Improving the ValueValidator interface

List overview All Threads
Download

newer

older

QueryEngine moved to own...

backports needed after last...

Daniel Kinzler

10 Jun 2013 10 Jun '13

12:46 p.m.

I' currently thinking about how to best validate incoming Snaks / DataValues. I have been looking at the ValueValidator interface, and it seems to be somewhat inconvenient. * why do we need the setOptions() method? Shouldn't the validator be fully configured in the constructor? * why is there no canValidate() method? This would be very handy for finding applicable validators for a given object. This seems a bit odd, but where it gets really problematic is the ValueValidatorsObject base class: * why are errors collected in a member? I would expect a validator to be stateless and reusable. * why do we need the Result object? Can't we just throw an exception? The "value with warnings" use case for MediaWiki's status object doesn't seem to apply here. * There is a lot of "convenient stuff" implemented in the base class which i expect many implementations are not going to need, e.g. the allowdValues/forbiddenValues stuff. * options are passed to sub-validators using an option map, changing the configuration and thus behavior of the (sub-)validators on the fly. That seems like asking for trouble. I propose a lighter design: * the ValueValidator interface has two methods, validate() and canValidate(). validate() can throw a validation exception, which contains one or more errors. * Validators are stateless and get configured completely and finally by the constructor. * Validators should generally implement only a single constraint - so instead of a String validator that implements min/max length, min/max value, and a regex check, each of these checks should have their own validator; A CompositeValidator could be used to bundle multiple validations, if needed. * ValueValidatorFactory gets a getApplicableValidators() method that returns all validators that can be used to validate a given object. As far as I can see, the Validator interface isn't yet widely used, so it would be easy enough to change these things. What do you think? -- daniel

Show replies by date

Jeroen De Dauw

12 Jun 12 Jun

3:25 a.m.

Hey, You raise some good questions. * why do we need the setOptions() method? Shouldn't the validator be fully

...

configured in the constructor?

We certainly do not need it. The question is why the interface has it. Looking at current usage, I see no valid reason to have it, as the users are following poor design practices. * why is there no canValidate() method? This would be very handy for finding

...

applicable validators for a given object.

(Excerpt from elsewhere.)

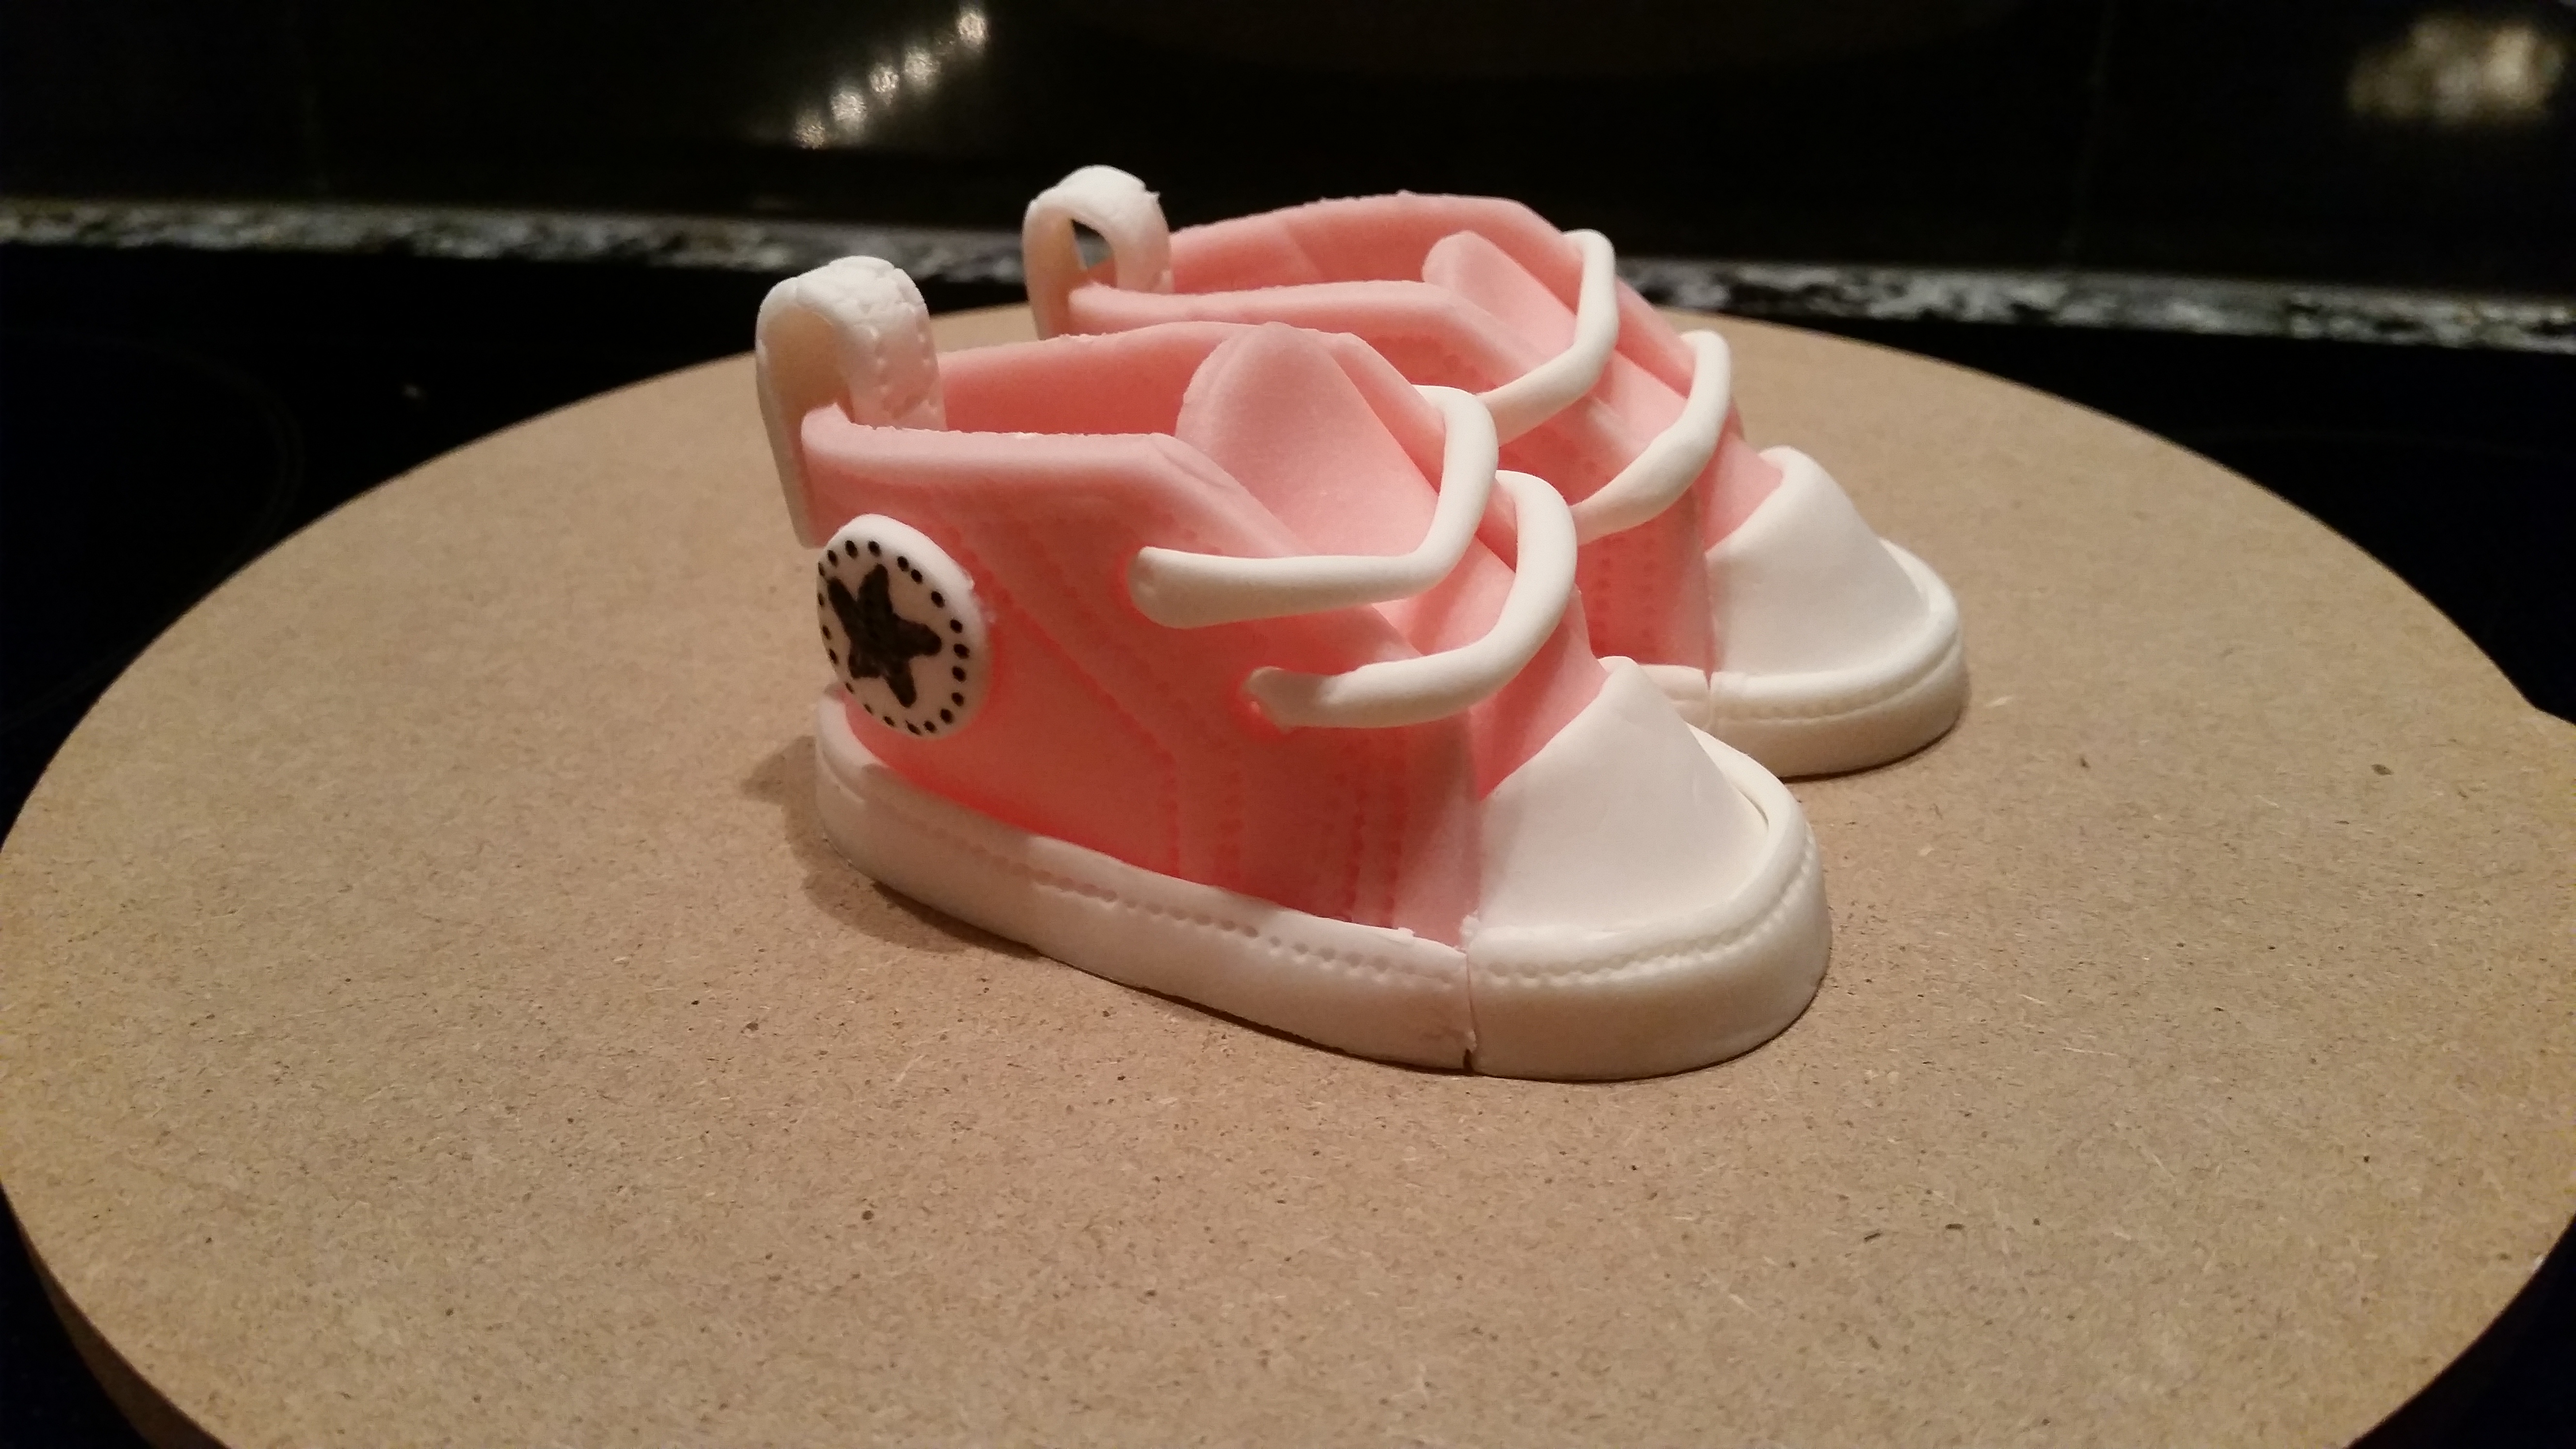 Baby-Schuhe

Since there has been no use for this so far. * why are errors collected in a member? I would expect a validator to be

...

stateless and reusable. * why do we need the Result object? Can't we just throw an exception? The "value with warnings" use case for MediaWiki's status object doesn't seem to apply here.

If there is a result object, having a field that contains state for that is perfectly reasonable, and in this case IMO preferred (note how this state is not exposed outside of the class). I know I've been shouting "use Exceptions rather then returning null/false or potentially invalid objects" lately; this is a good example of why one should not apply such a "rule" blindly, as it does not apply everywhere. Exceptions should not be used to implement control flow for expected situations. If one has a simple isValid method, returning a boolean makes perfect sense. Returning true, or throwing an exception would be wrong. In case of the ValueValidators just returning a boolean would not be expressive enough, as the information of which checks (note the plural here) failed is desired, so the user can be informed of why the value did not pass validation. * There is a lot of "convenient stuff" implemented in the base class which i

...

expect many implementations are not going to need, e.g. the allowdValues/forbiddenValues stuff.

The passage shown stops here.